- EXERCISE GOAL -
Reproduce the data below in full and exclude every picture.

- COLLECTED DATA -

----------

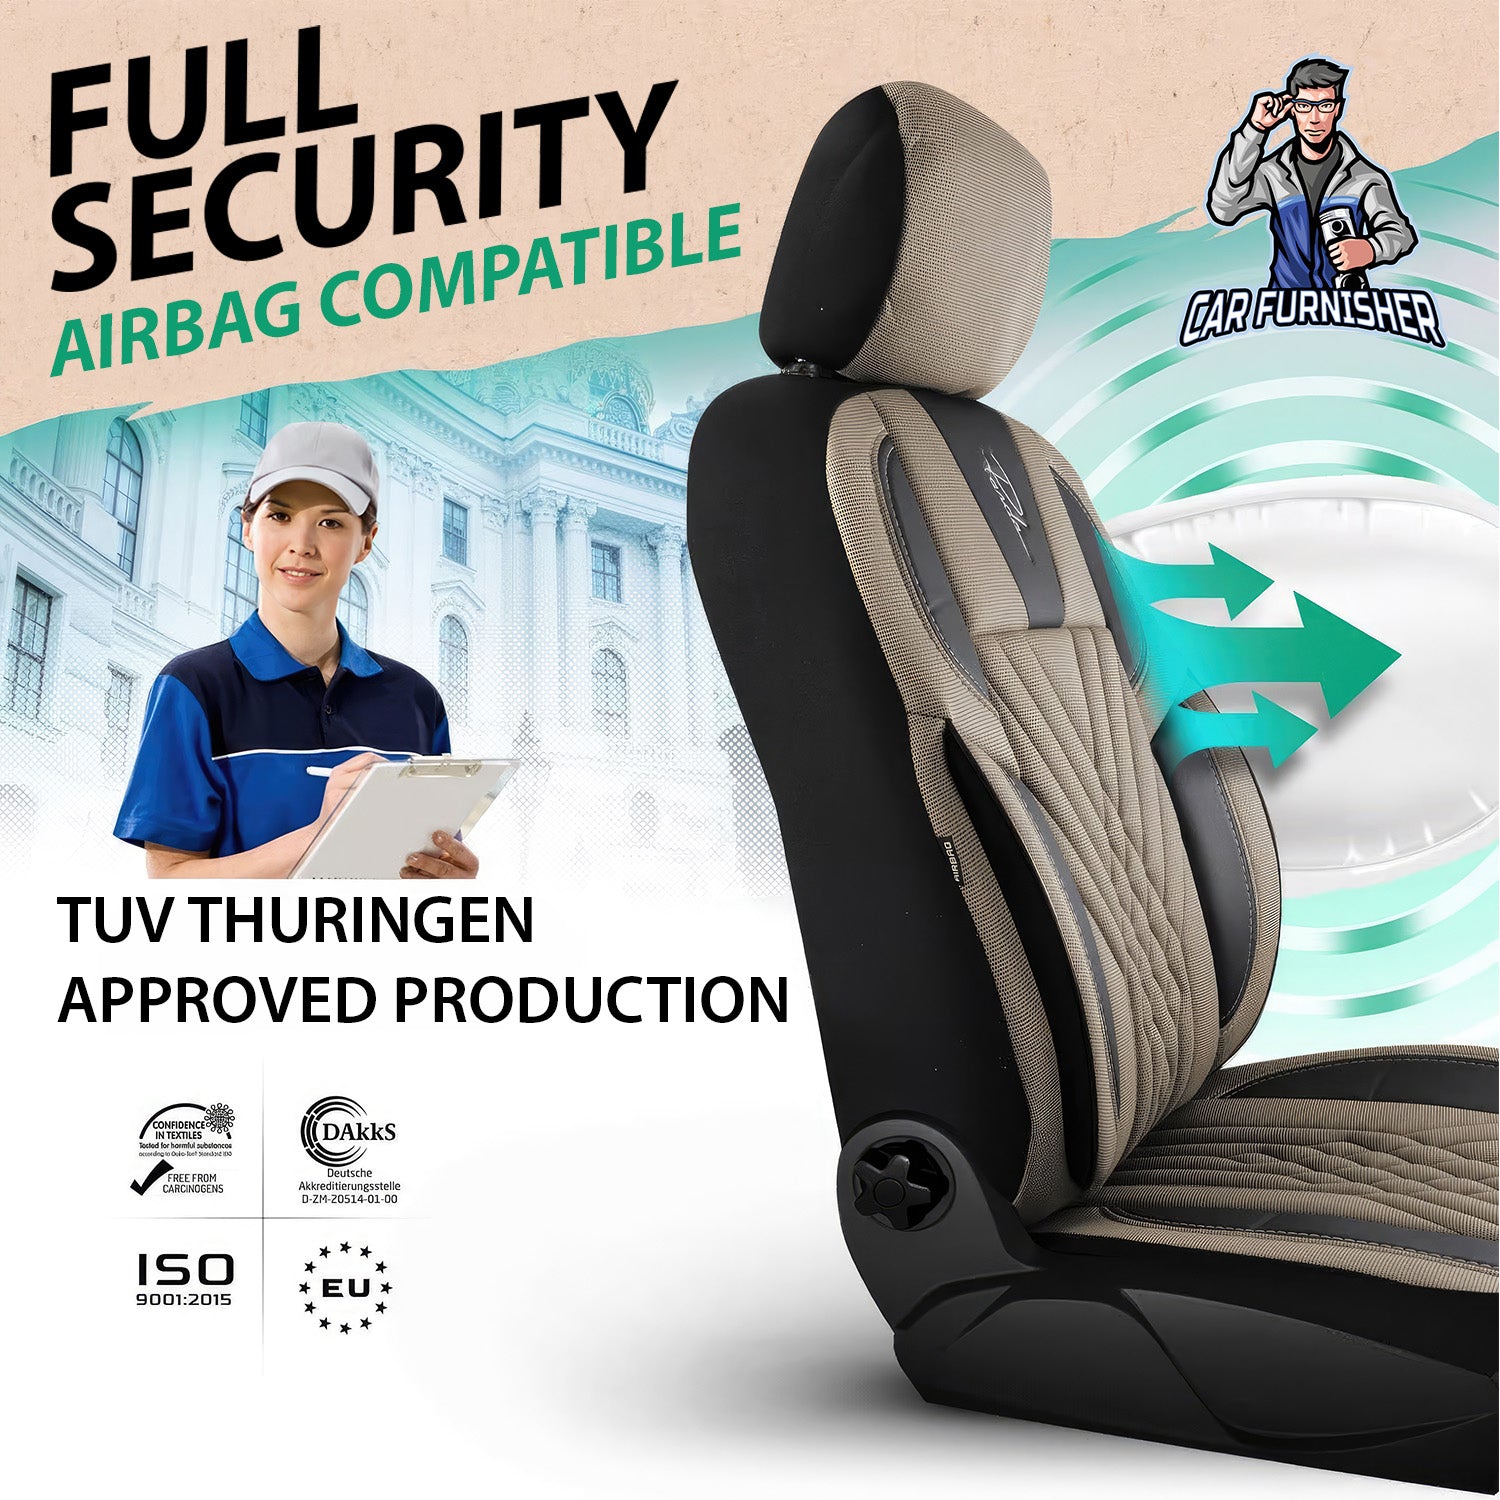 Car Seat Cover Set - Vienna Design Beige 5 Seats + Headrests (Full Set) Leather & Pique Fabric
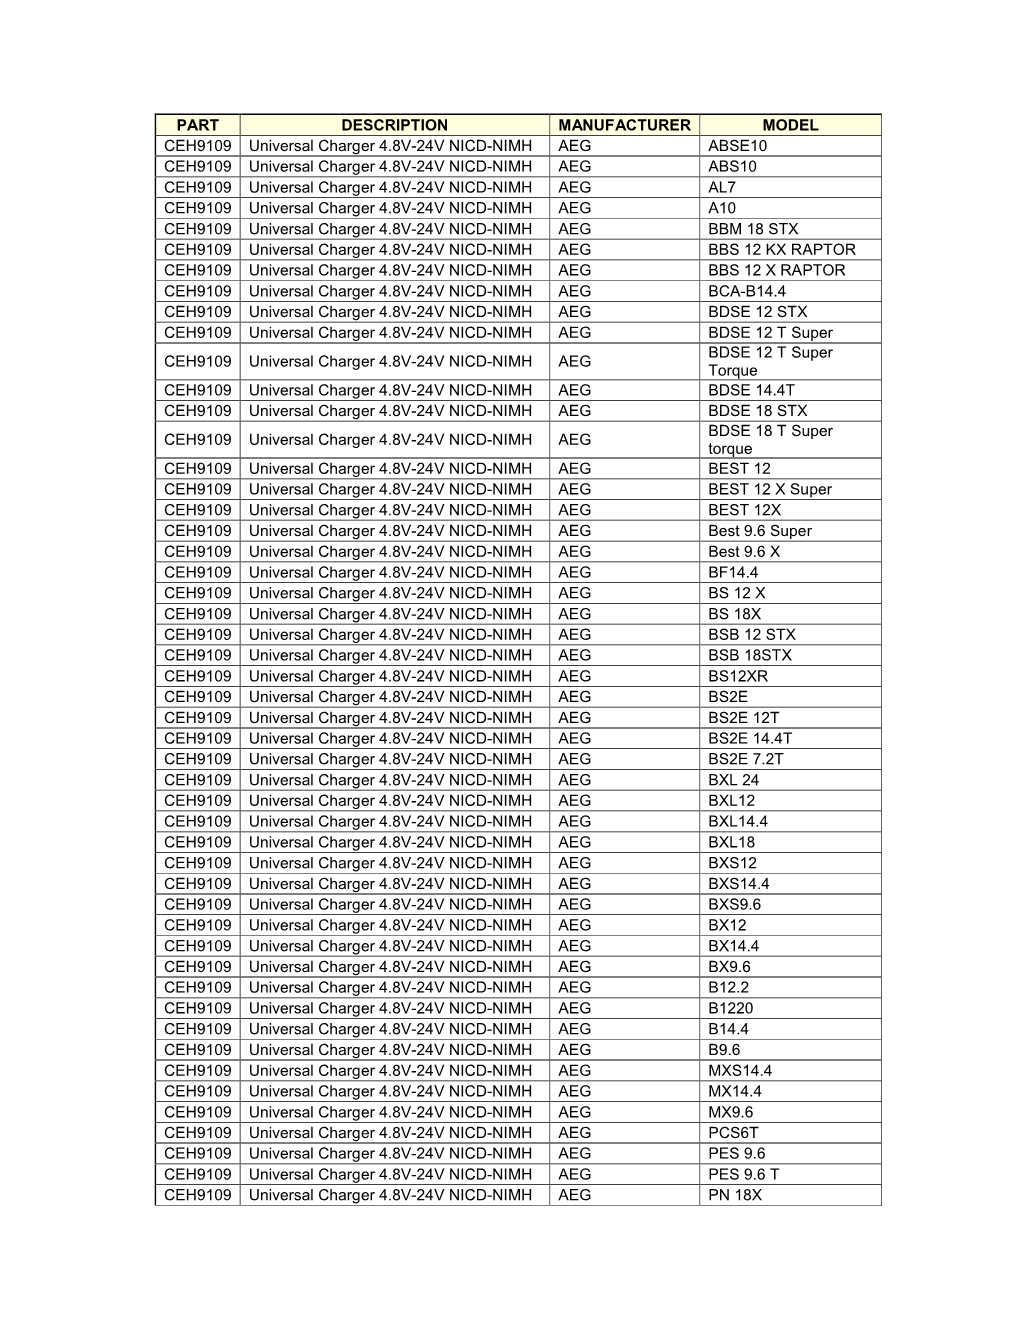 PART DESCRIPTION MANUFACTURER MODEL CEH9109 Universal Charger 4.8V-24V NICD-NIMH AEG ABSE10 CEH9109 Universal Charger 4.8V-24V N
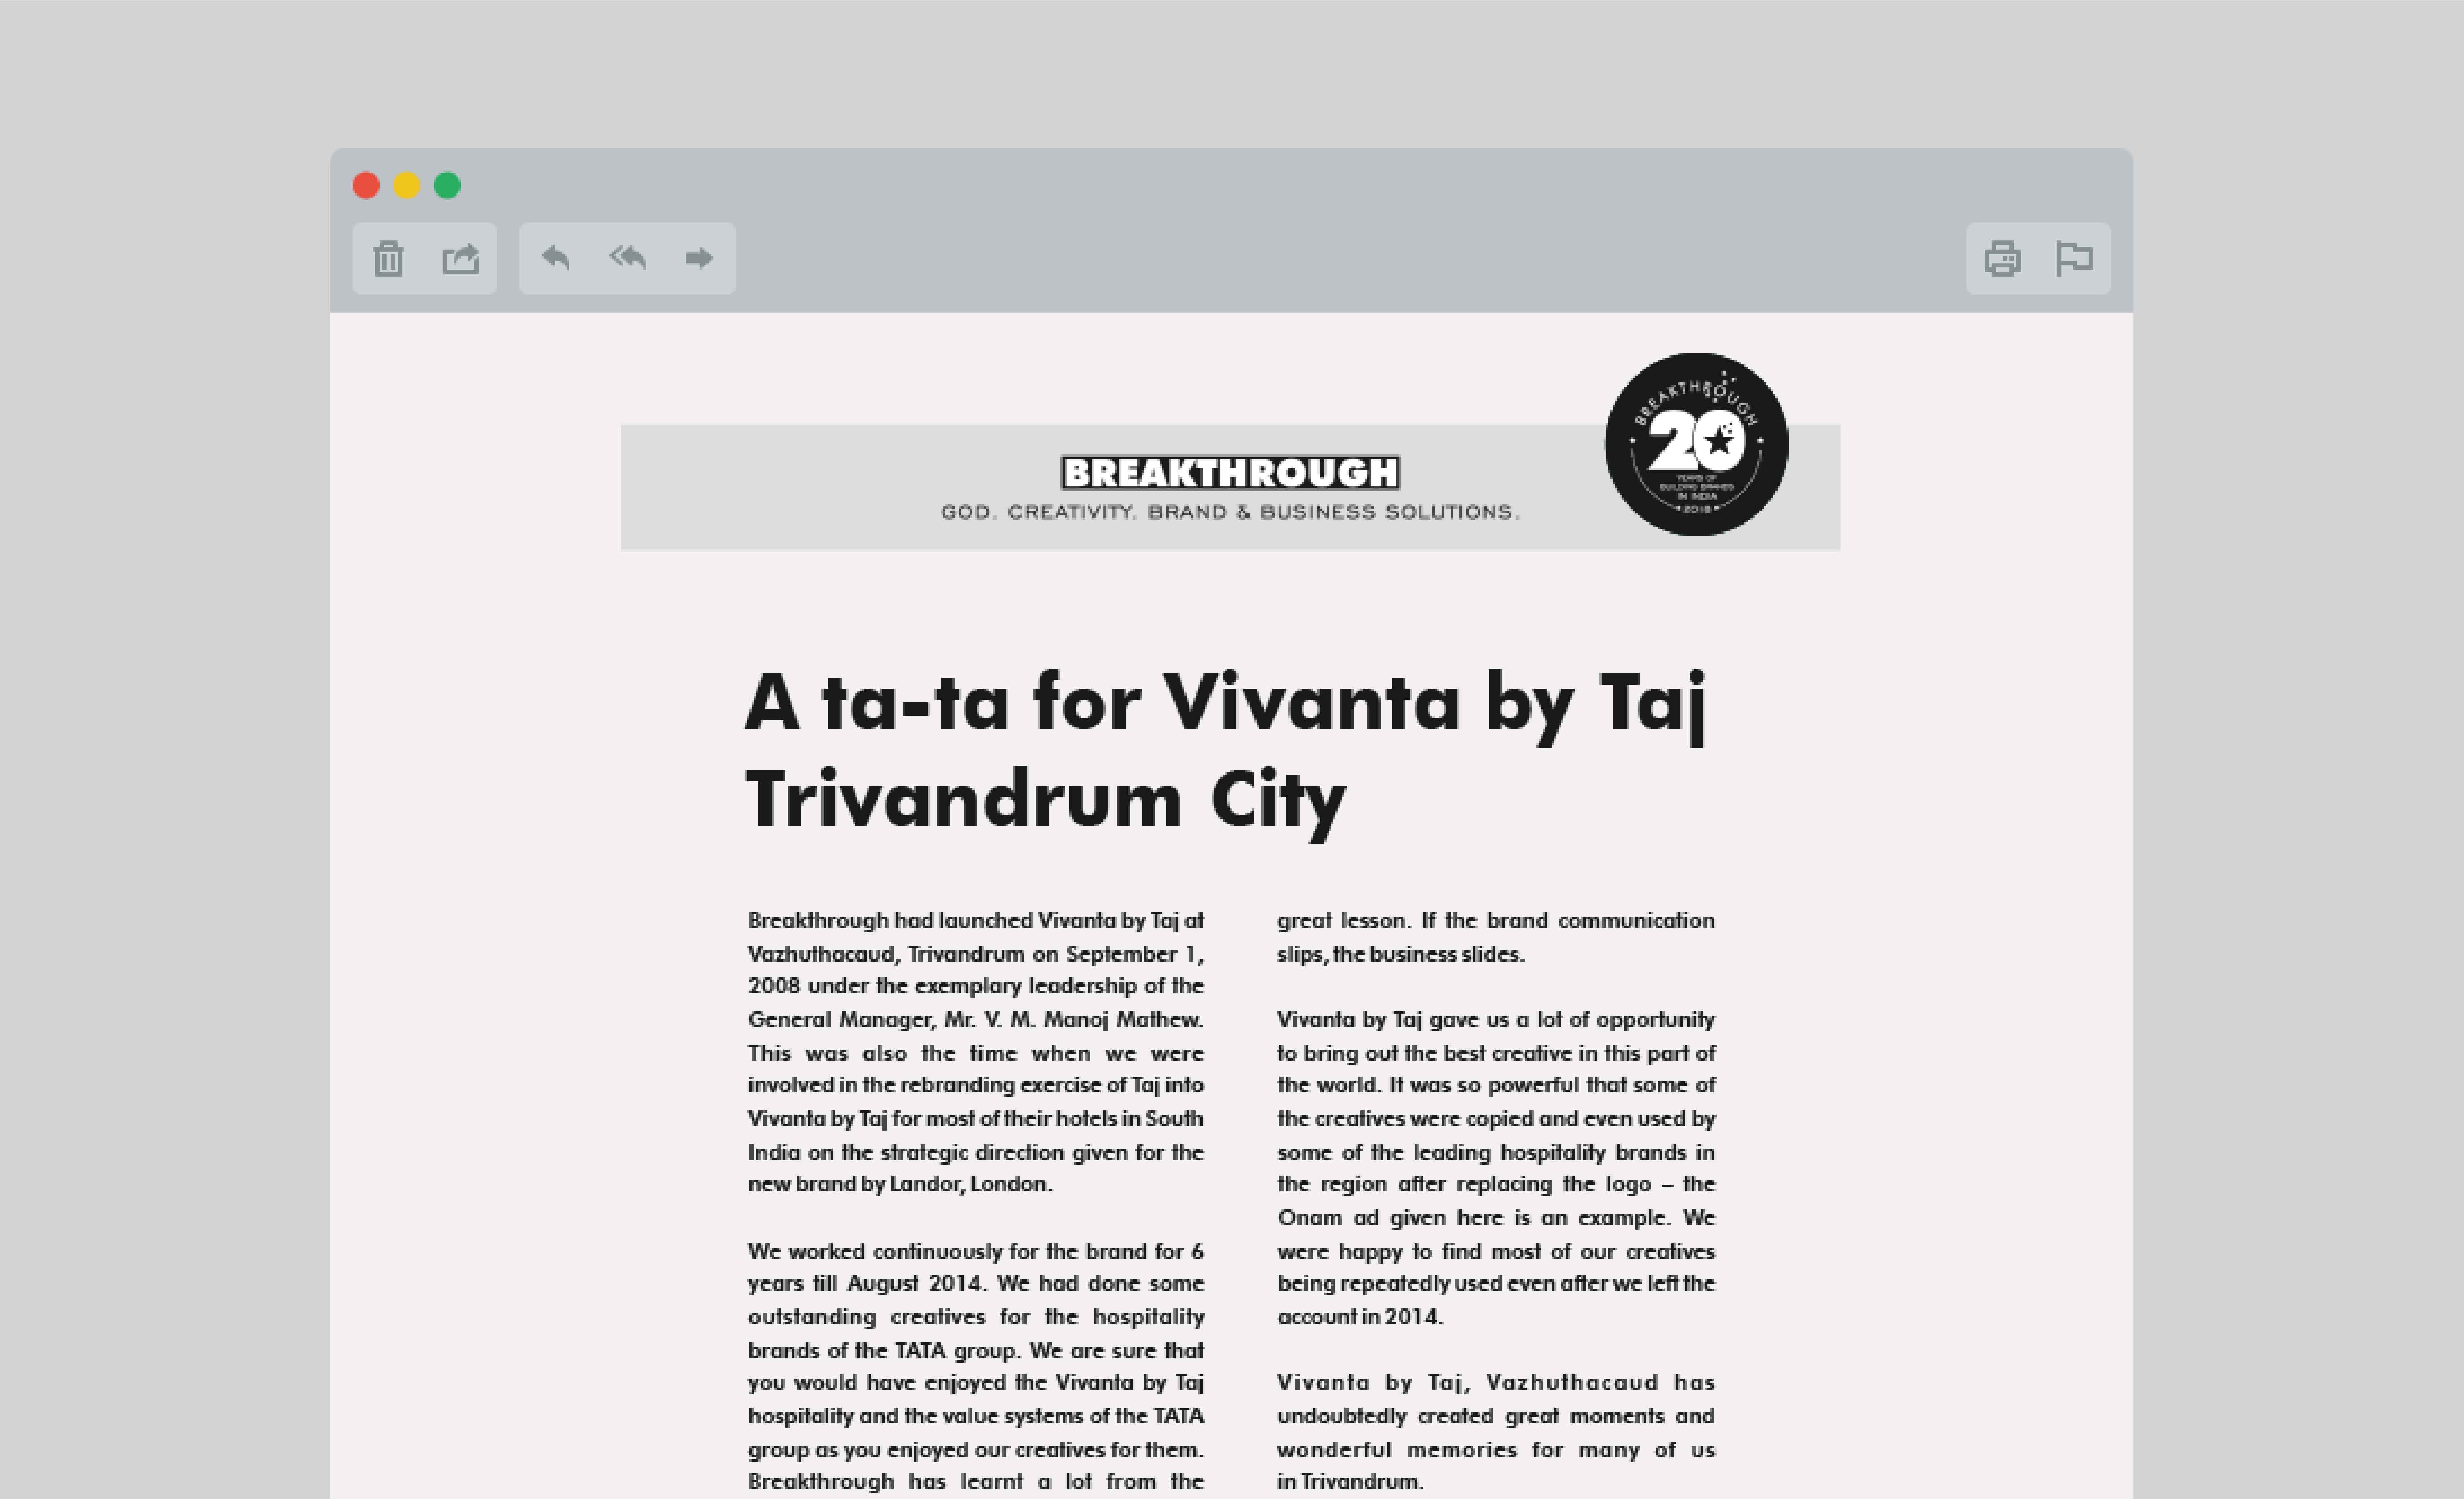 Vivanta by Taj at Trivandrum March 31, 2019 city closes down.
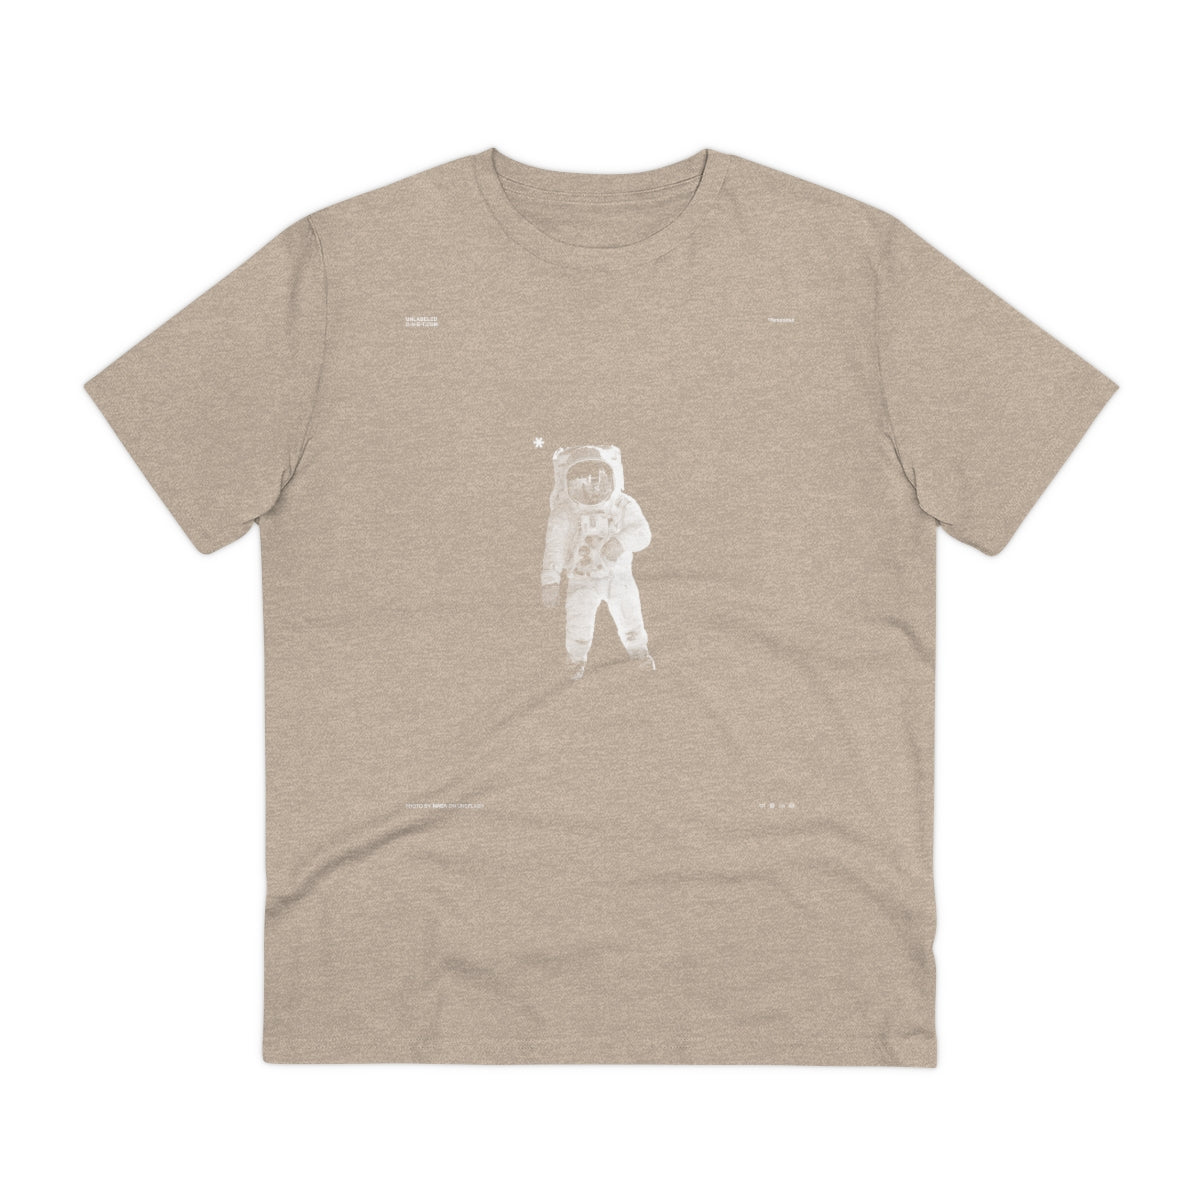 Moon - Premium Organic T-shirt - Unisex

----------

- EXERCISE ANSWER -
 Car Seat Cover Set - Vienna Design Beige 5 Seats + Headrests (Full Set) Leather & Pique Fabric
 PART DESCRIPTION MANUFACTURER MODEL CEH9109 Universal Charger 4.8V-24V NICD-NIMH AEG ABSE10 CEH9109 Universal Charger 4.8V-24V N
 Vivanta by Taj at Trivandrum March 31, 2019 city closes down.
 Moon - Premium Organic T-shirt - Unisex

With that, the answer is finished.